Between family and friends and today’s almost endless digital resources, young people have more information than ever before about how to manage their money. Yet, despite this wealth of information, the resulting financial advice may conflict, causing Millennials to feel confused about how they should really allocate their finances.
In recognition of Financial Literacy Month this April, it’s time to separate the money myths from the facts. Keep reading to learn about common financial misconceptions and how you can take charge of your financial journey.
- Myth: I’m in debt from my student loans; I can’t afford to save right now.
Fact: You can’t afford not to save. You’re likely to earn a much higher income with a college degree than without. So you may actually be in a much better financial position than you think. And while it can feel overwhelming to start a career already in debt, you need to view saving money as an equal priority to paying off debt, because an emergency expense could put you even further in debt.
Tip: Know your starting point. You need to know where you stand with your debt before you can take steps to improve your student loan situation. Consult your lender for available loan repayment options to understand the types of loans you have and their current payment terms. Then create a plan for paying off debt, which can make it much more manageable. To help with savings, start by automating your savings from each paycheck so you can achieve at least three to six months emergency funds.
- Myth: I’m too young for life insurance.
Fact: You’re never too young to get life insurance. In fact, the younger you are, the lower the cost it will be. It’s important to protect your financial well-being whether you’re married or single, young or old, with or without kids. Plus, while the primary purpose of life insurance is the death benefit, most people don’t realize permanent life insurance can have a cash value and living benefits that are worth considering a part of your plan.
Tip: Apply while you’re young and healthy. Not only will your premiums be lower, but it’s easier to qualify for a policy and you can acquire a larger cash value over the course of your life.

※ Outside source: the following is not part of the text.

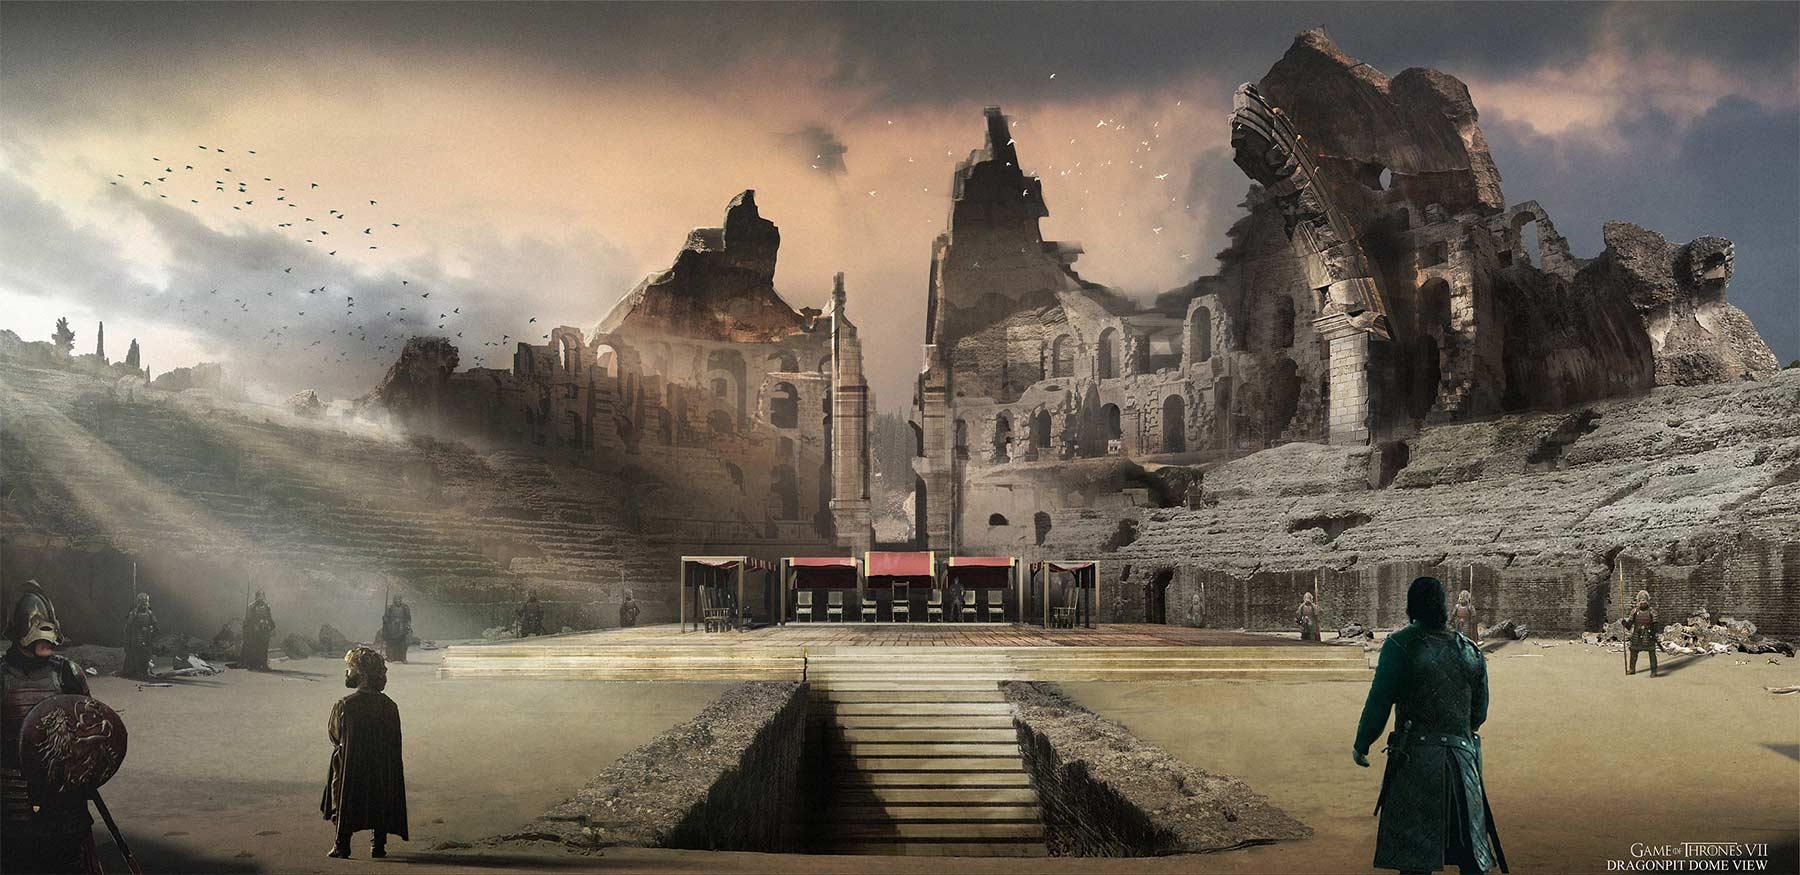 Game of Thrones Staffel 7 Concept Art Kieran-Belshaw-game-of-thrones-concept-art_09

- Myth: I don’t make enough money to meet with a financial representative.
Fact: There is no minimum income requirement to meet with a financial representative, but there is much to gain when you work with an expert to create and understand your very own personalized financial plan. Your financial professional will help you understand how to make your money work for you, including how to save, spend, grow and protect your income. You only spend money when and if you decide to purchase a product or service.

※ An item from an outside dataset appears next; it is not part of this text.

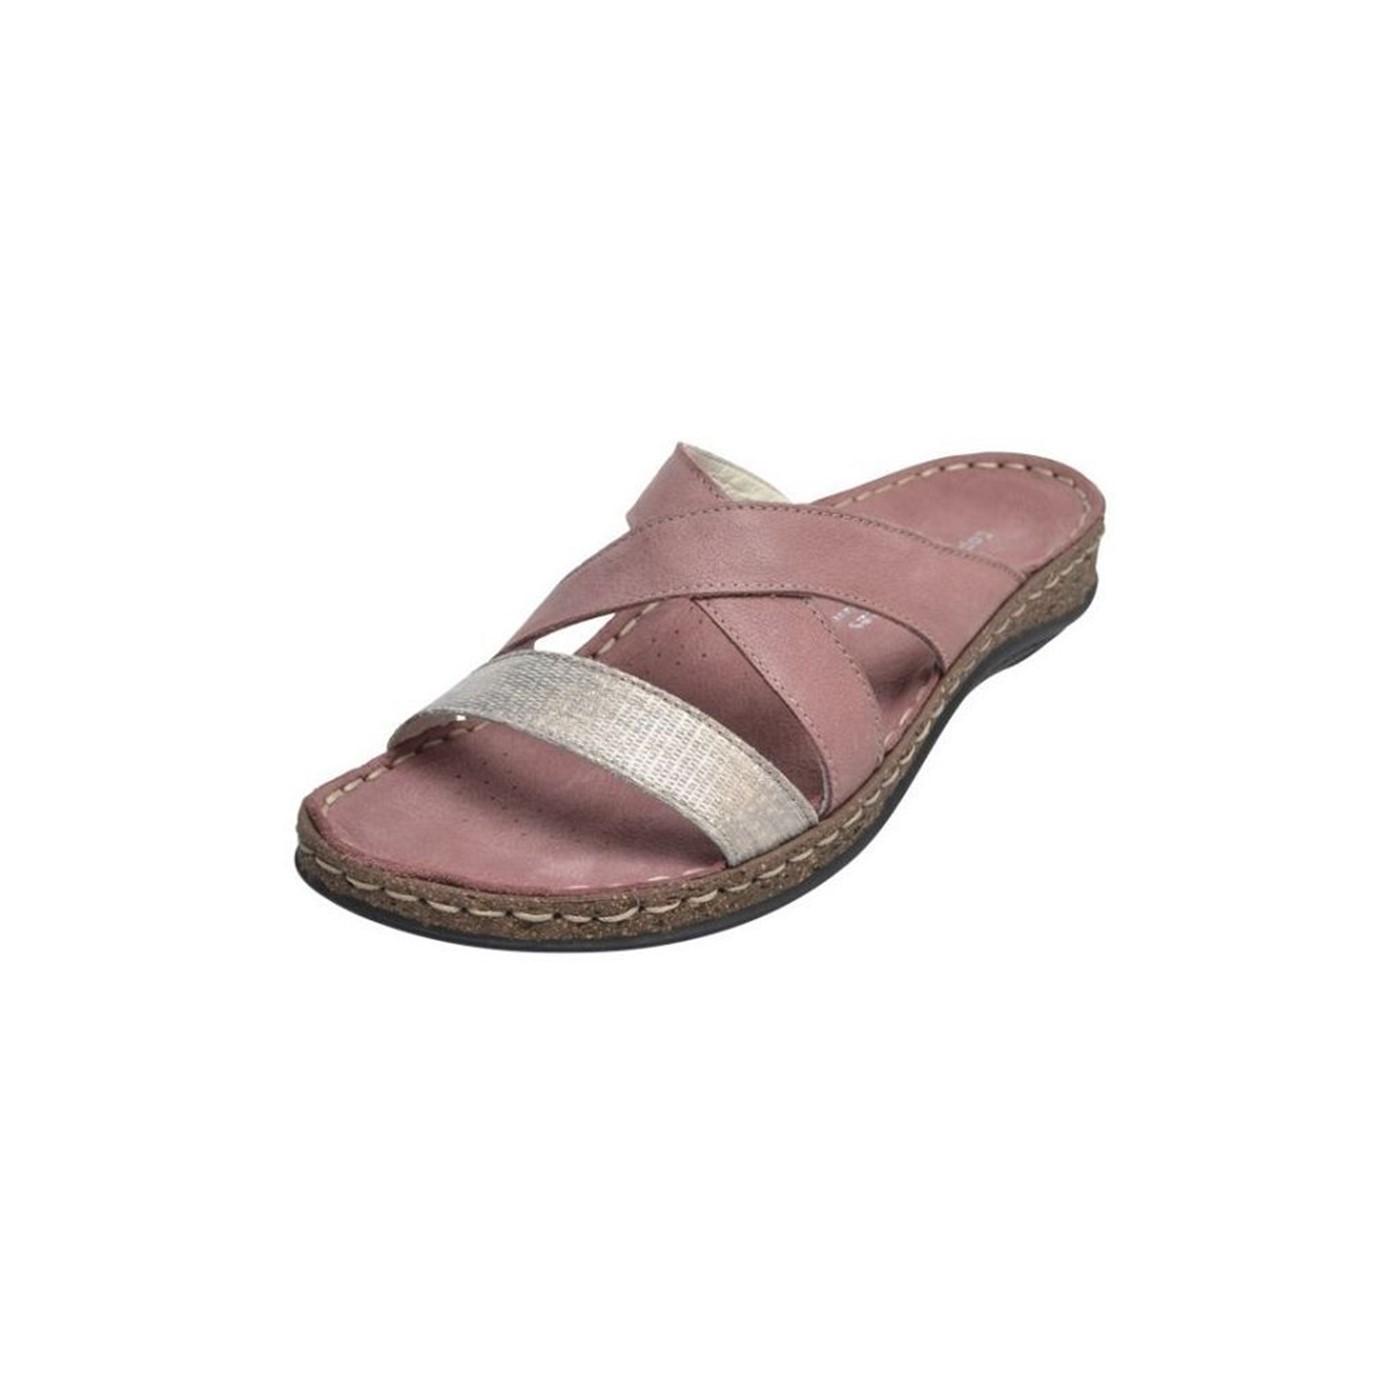 255a110fd124 Copenhagen shoes 2016 Astrid (multi-cs1568)

Tip: Find someone who’s right for you. Find a financial representative who specializes in areas of importance to you. Your financial professional will guide you through a detailed discovery process to better understand your personal financial situation and your goals.
- Myth: I don’t need to purchase additional insurance; my employer benefits cover my needs.
Fact: If someone asked you to take a 40 or 60 percent pay cut, would you do it? While most employers do offer basic insurance as part of their benefits package, most plans only partially cover the employee, leaving a vulnerable gap in the event of a disability. Most people can’t live off only 40 or 60 percent of their income, which is what could happen if there is an accident or unfortunate circumstance that prevents you from working.
Tip: Close the gap. Make sure you know exactly what percentage of your income your employer benefits cover and then meet with an expert to understand which insurance products or services can help bring you closer to full coverage. Disability insurance and life insurance are all worth considering.
- Myth: I can’t afford to invest in my retirement if I’m not earning enough money.
Fact: You can’t afford NOT to invest in your retirement. One of the most important things is to put as much as you can toward retirement today, even if it’s only 1 percent of your income to start with. Each year, try to increase your contributions to your retirement fund by 1 percent until you are maximizing your contributions. By starting early, you can also take better advantage of compounding, which can really add up over the years.
Tip: Start early and invest as much as you can. Meet with a financial representative for guidance on which investments will work best for you. While all investments carry some level of risk, including the potential loss of principal invested, no investment strategy can guarantee a profit or protect against loss. But there are many options to choose from including stocks, bonds and mutual funds to tailor your investment strategy to your personal financial situation and future goals.
This Financial Literacy Month, commit yourself to your personal financial education. You’ll not only feel more confident and empowered to make smart money choices, but you’ll also have the tools and resources to set a solid financial plan for your future.
Emily Holbrook is the Director of the Young Personal Market for Northwestern Mutual. In this role she leads the company’s cross functional efforts to develop a strategy to help young singles, couples and families make progress toward achieving financial security.